• _Problem to solve_: Look through the entries below for the line with "Set of 4 Mid-Century" and the line with "Adidas Velour Jersey", then give again exactly those two lines and all lines between them, minus the pictures.

-- Excerpted records follows --

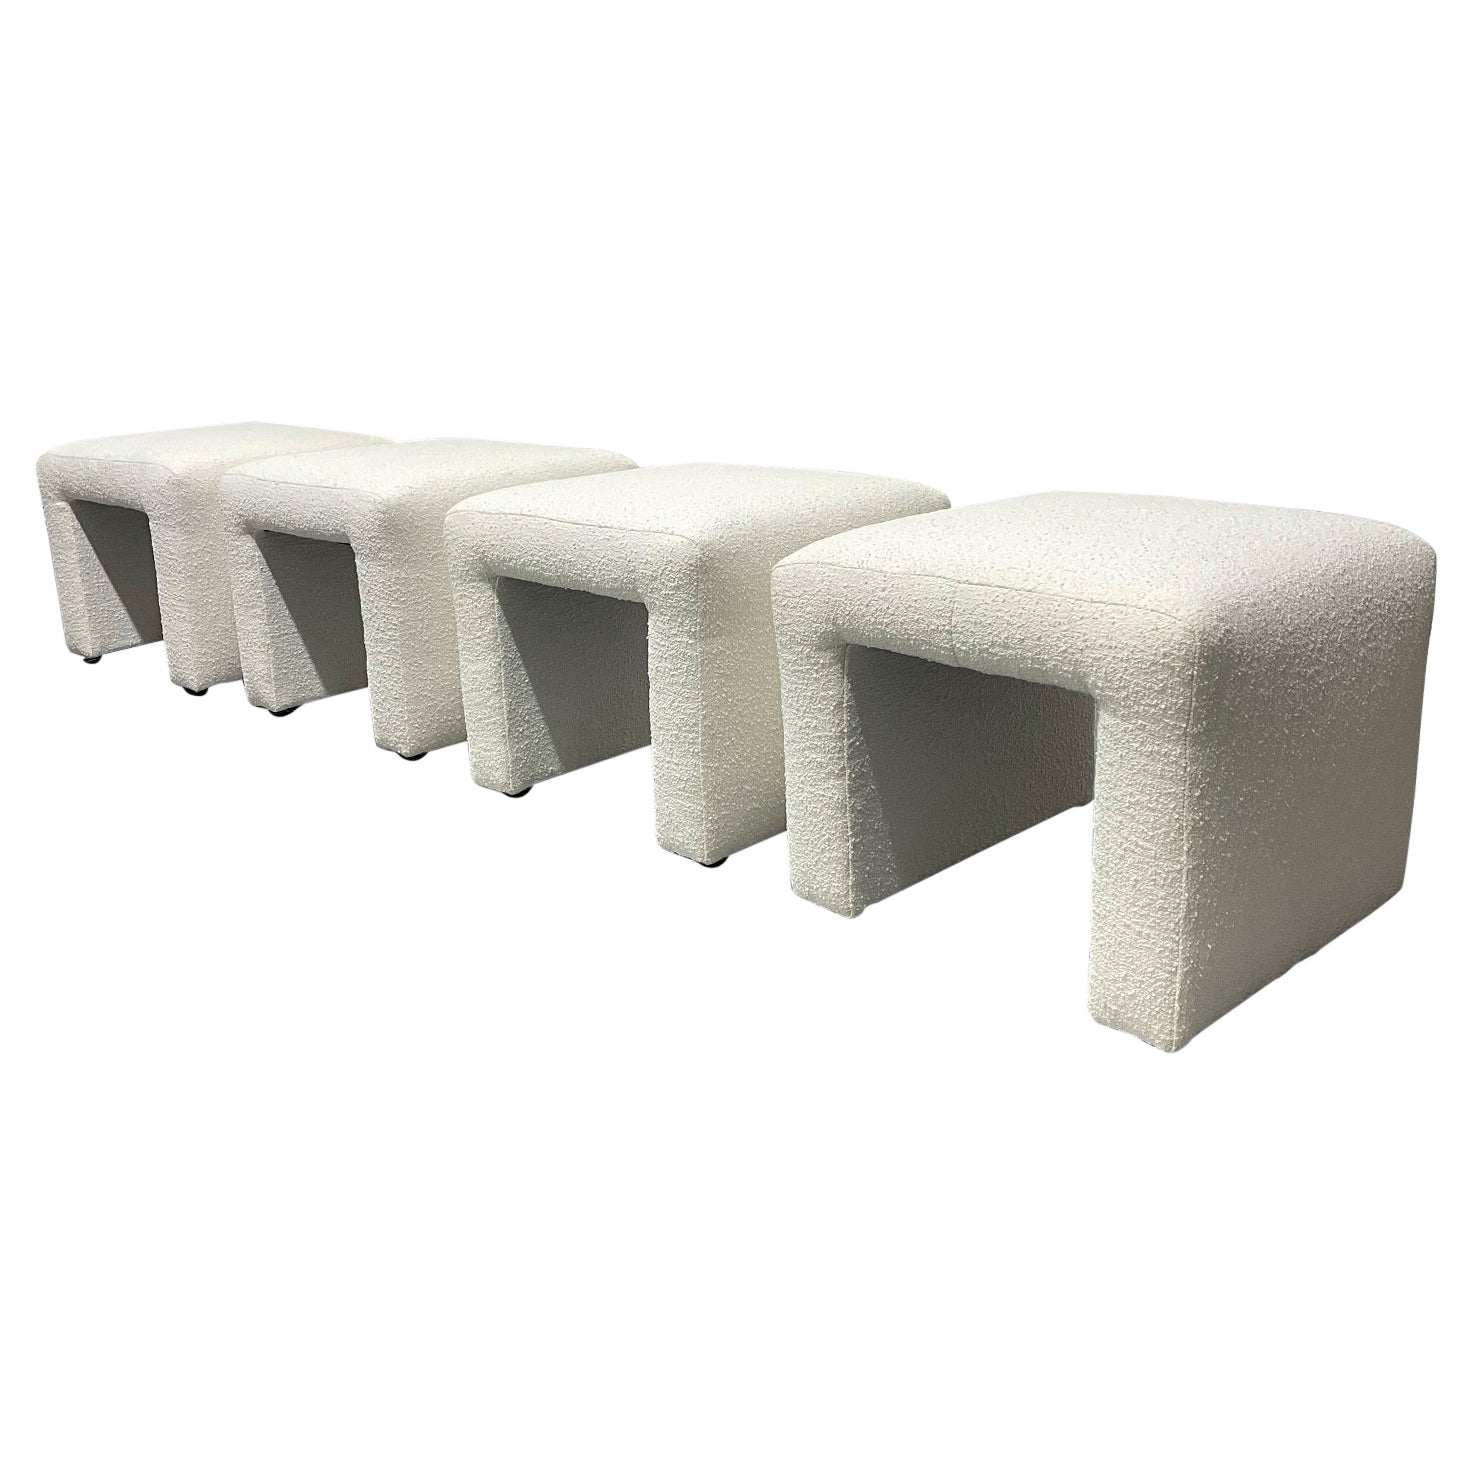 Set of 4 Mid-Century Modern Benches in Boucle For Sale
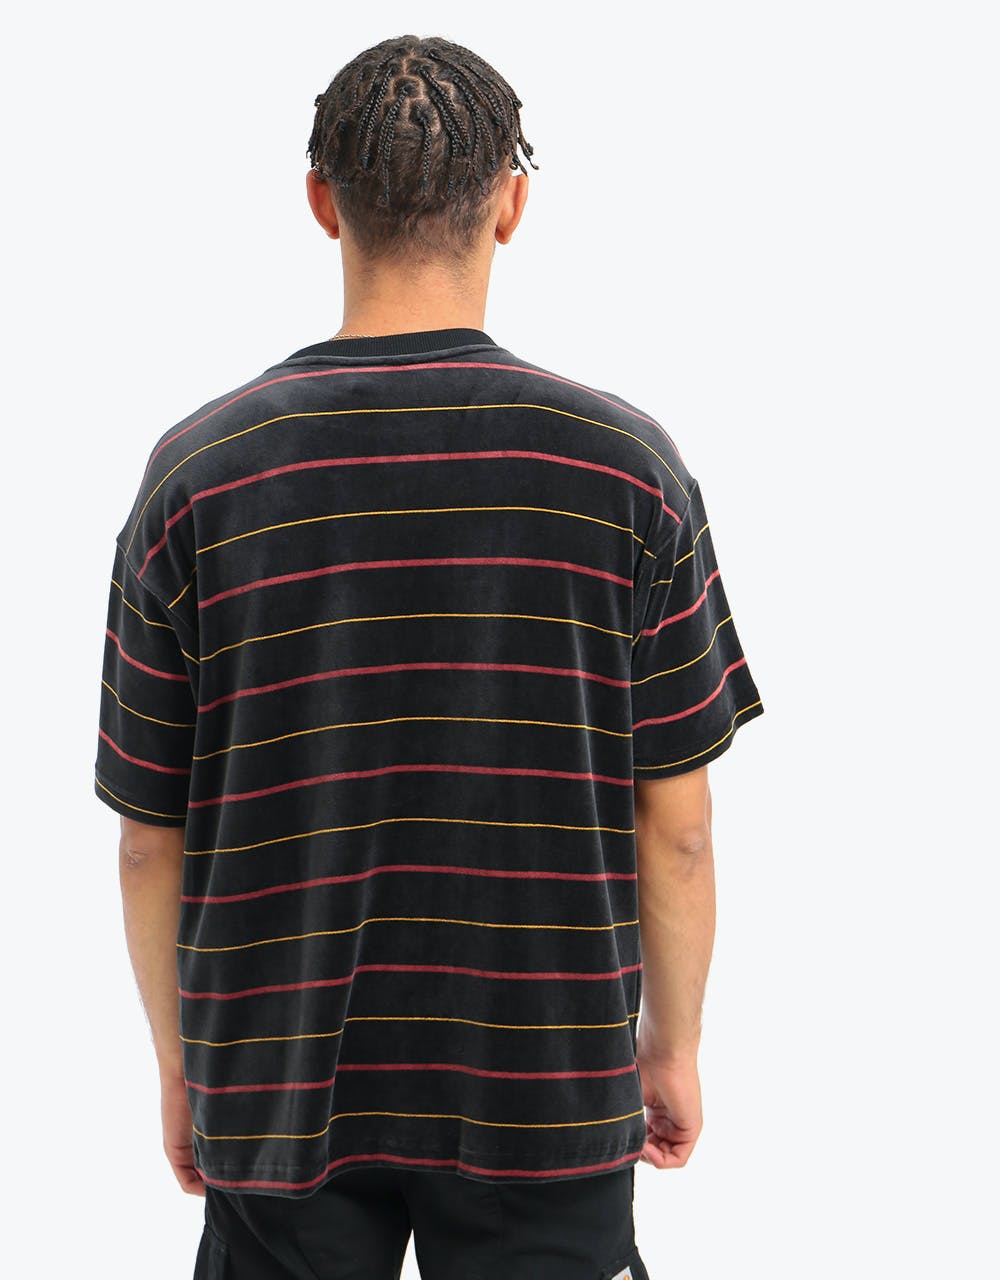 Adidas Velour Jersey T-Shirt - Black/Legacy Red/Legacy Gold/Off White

-- Excerpted records concluded --
-- Excerpted records follows --

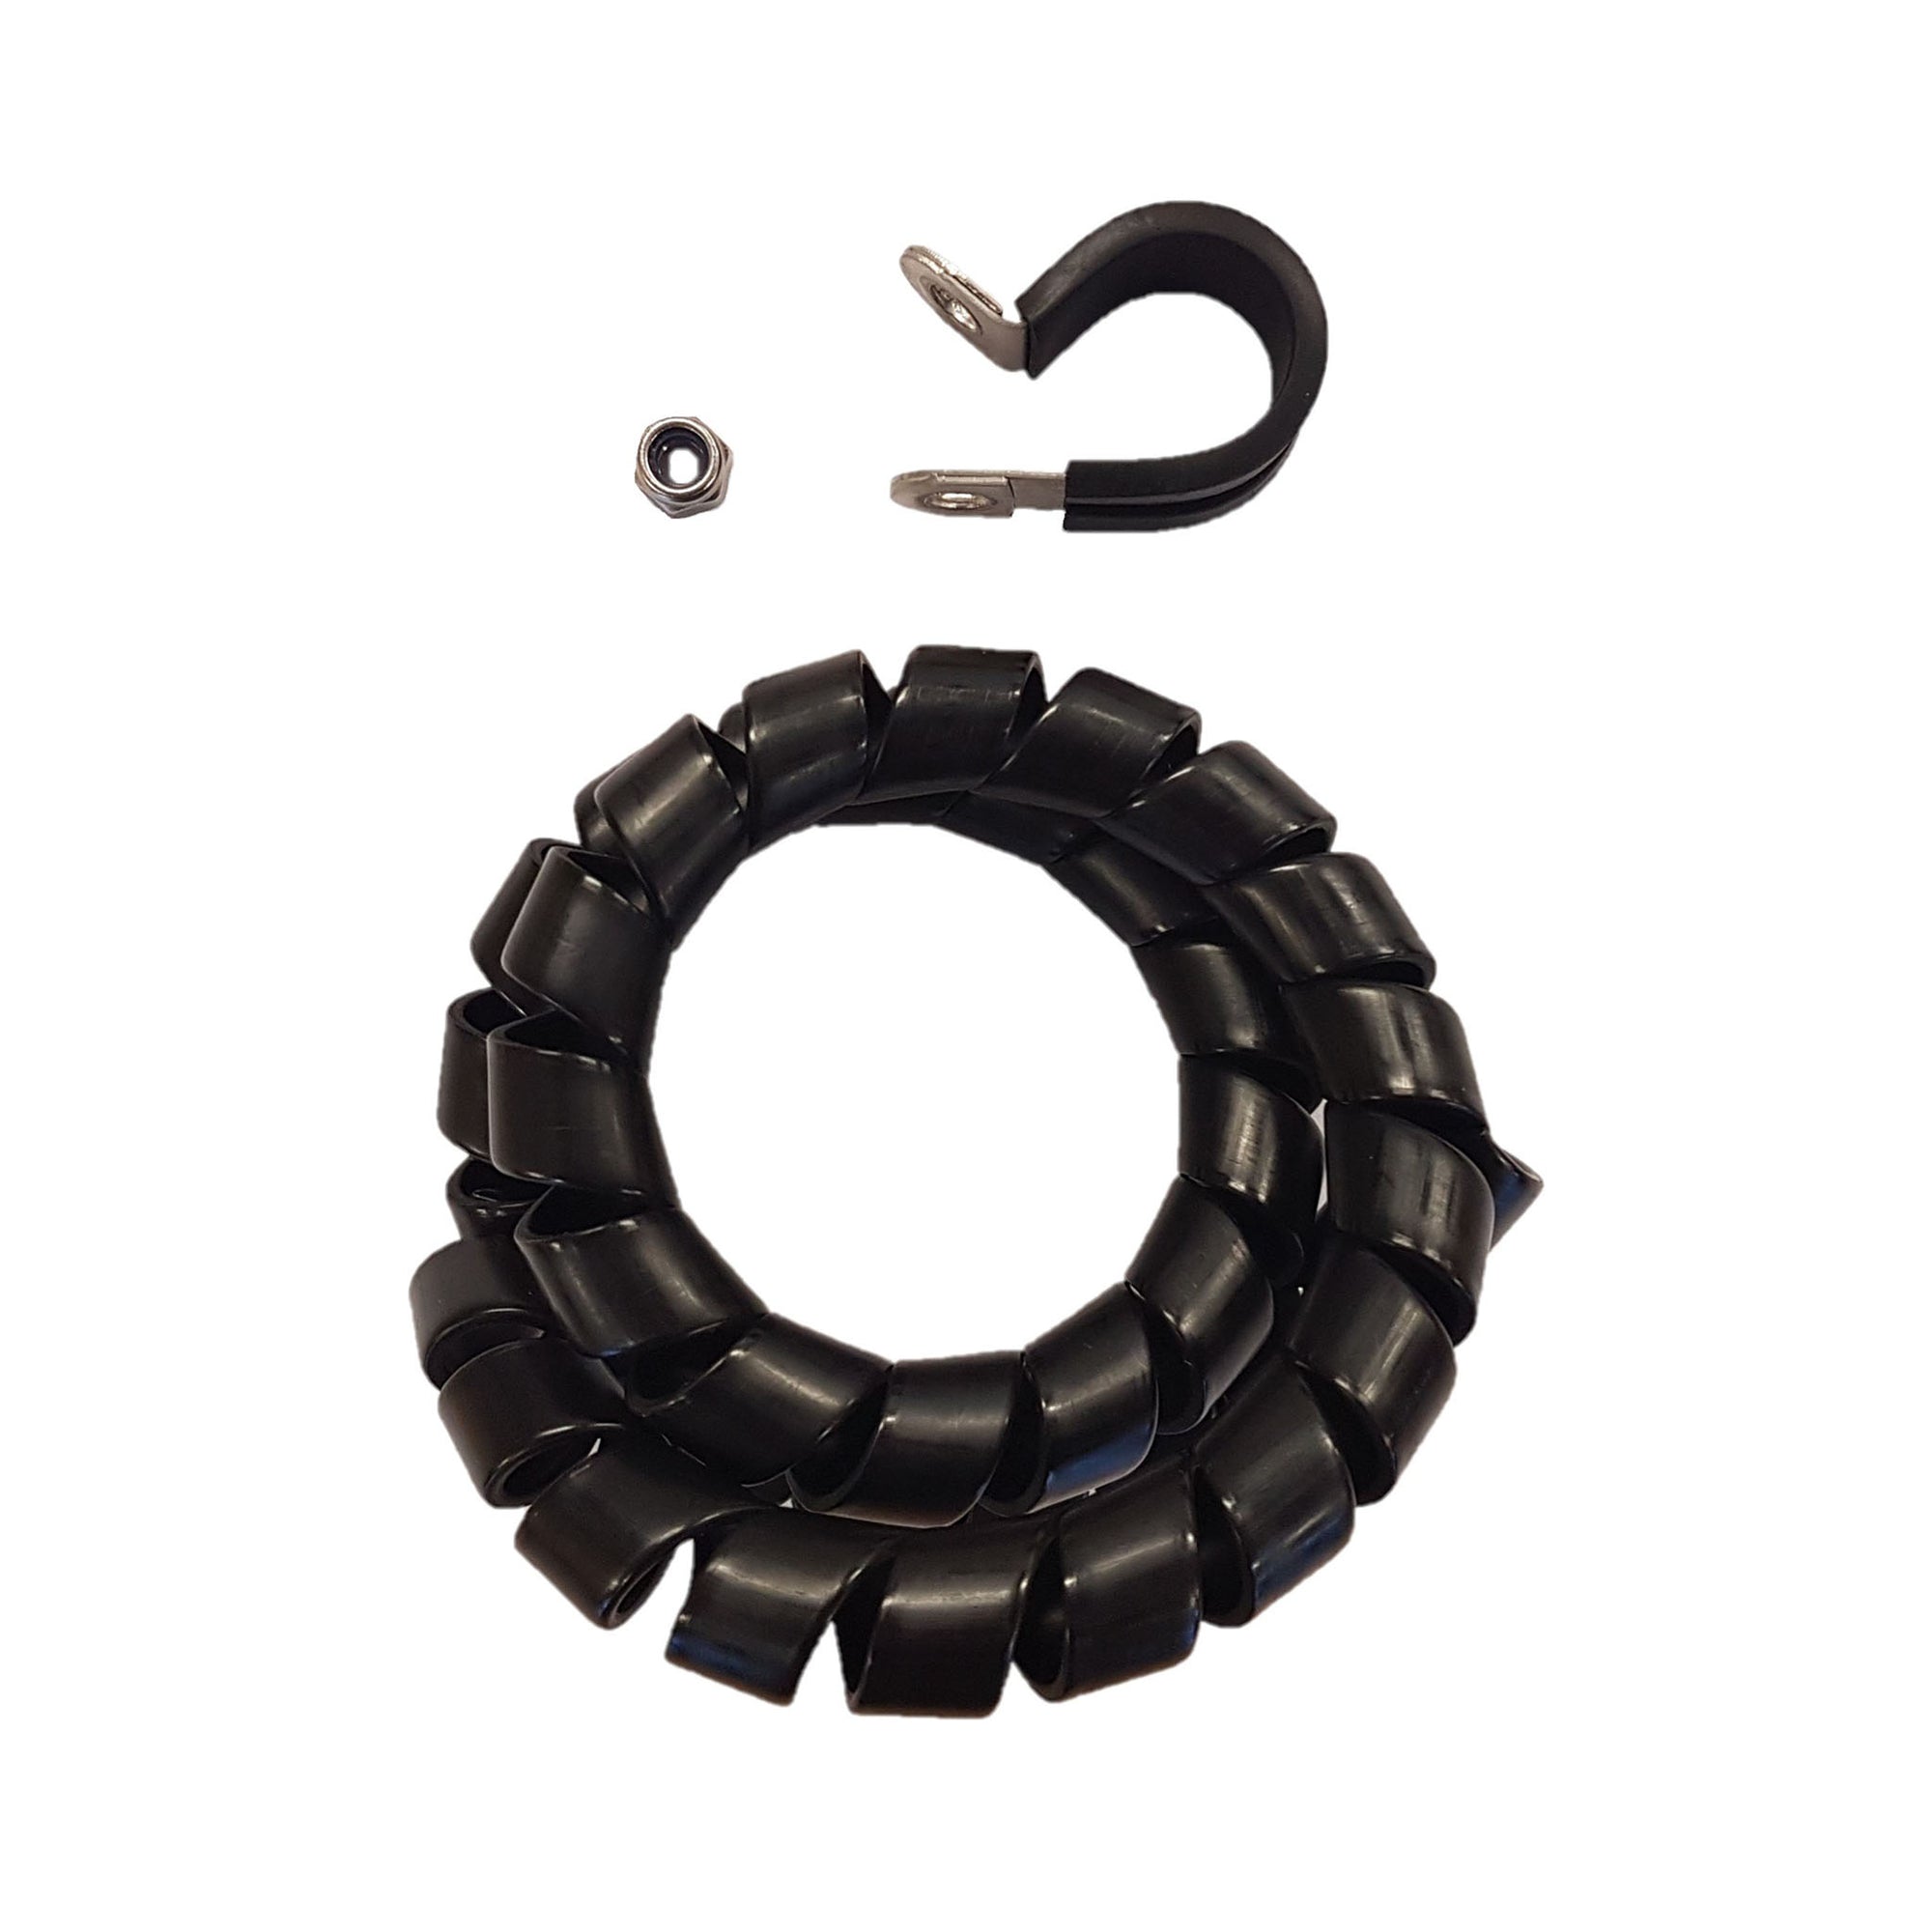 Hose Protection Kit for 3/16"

-- Excerpted records concluded --

• _Problem solution_:
 Set of 4 Mid-Century Modern Benches in Boucle For Sale
 Adidas Velour Jersey T-Shirt - Black/Legacy Red/Legacy Gold/Off White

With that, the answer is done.